1. The right to be informed

If you were asked how many businesses were holding and using your information right now, the chances are you wouldn't know. The GDPR gives you the right to be informed as to who is using your data, as well as why, and how, they are using it. As a business, you too will be legally obliged to provide this information to your data subjects.

 

2. The right of access

We all have the right to access our own personal data. We have the right to ask for it, and the companies that hold it have to comply in furnishing us with it. With the introduction of GDPR, a considerable rise in subject access requests is expected where people ask to see the details of the information being held. So, consideration should be given to how you might handle the sudden influx of information requests.

 

3. The right to rectification

if you are holding details on data subjects, they have the right to rectify those details, and they are more likely to exercise this right if the information is being used to make decisions about them.

 

4. The right to erasure

Commonly referred to as 'the right to be forgotten.' If someone wants their details removed, they have to be erased, unless there are legal grounds for not doing so.

 

5. The right to restrict processing

If you're using customer data for certain types of processing, those customers have the right to limit the kind of processing you are allowed to do.

 

6. The right to data portability

This point relates to customers who wish to transfer data from one supplier to an alternative supplier. For example, we can insist that one service provider facilitates the transfer of data to another provider and not use data protection to obstruct commerce.

 

7. The right to object

The GDPR gives every one of us the right to object to our data being processed, either in forms, or for specific purposes such as opting out of direct marketing.

 

8. Rights related to automated decision making and profiling

In a highly digital world, computerised decisions are regularly made that can have an enormous impact on our lives.
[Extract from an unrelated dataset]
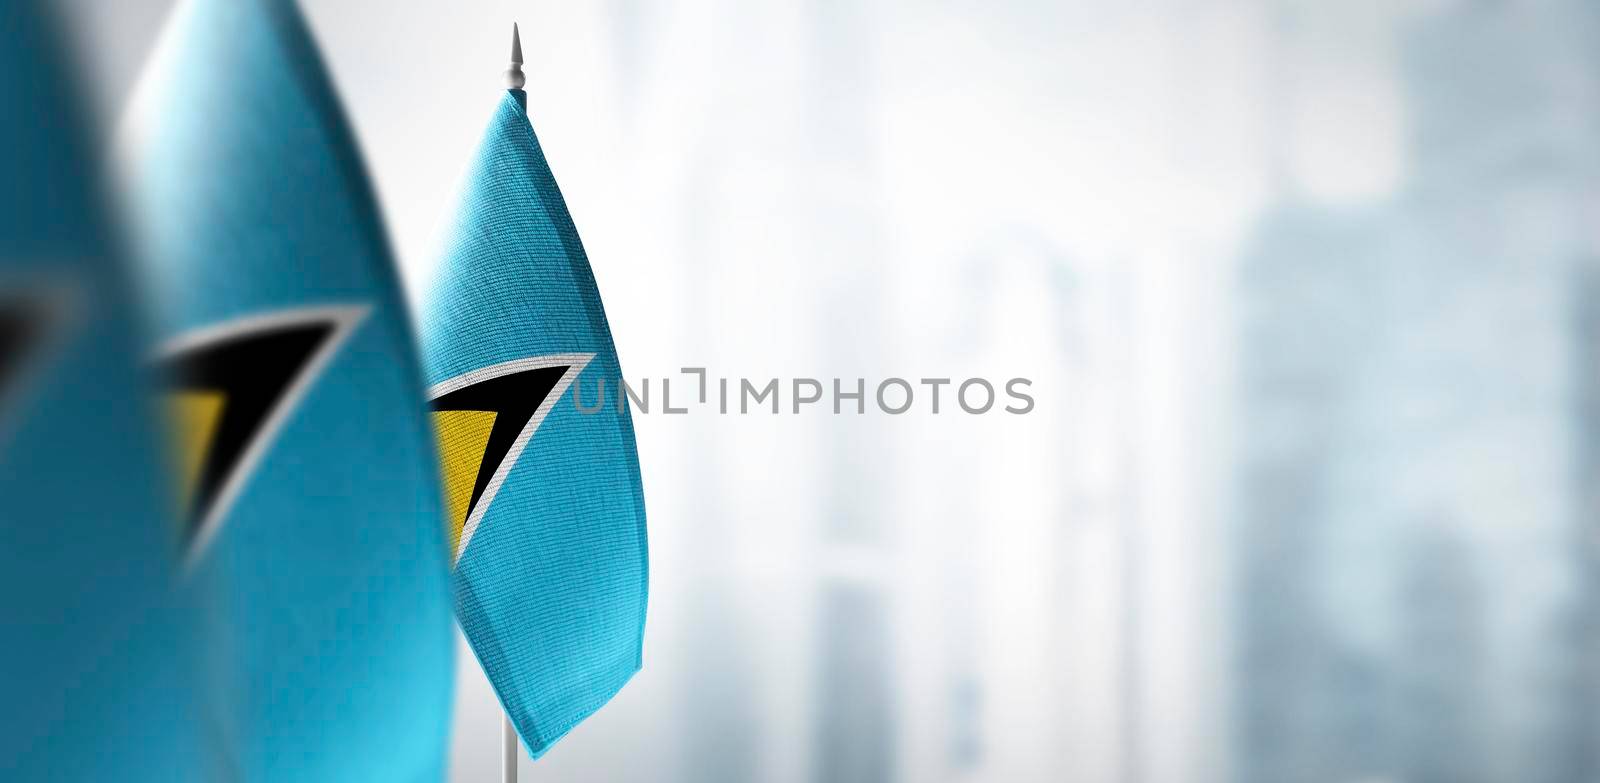 Small flags of Saint Lucia on a blurry background of the city.

Whether its a job application, a loan or a finance agreement, etc., we have the right that a decision is made in person if we so wish.

 

GDPR will touch every aspect of your business, from marketing and sales where customer and prospect information is used to HR which holds and maintains employee data, to IT, who are responsible for providing the means to process and secure the data. If you are still unsure about how GDPR will affect you and your business, you can go online and check out the various gov.uk websites where all the latest information is available, along with changes and updates in real time.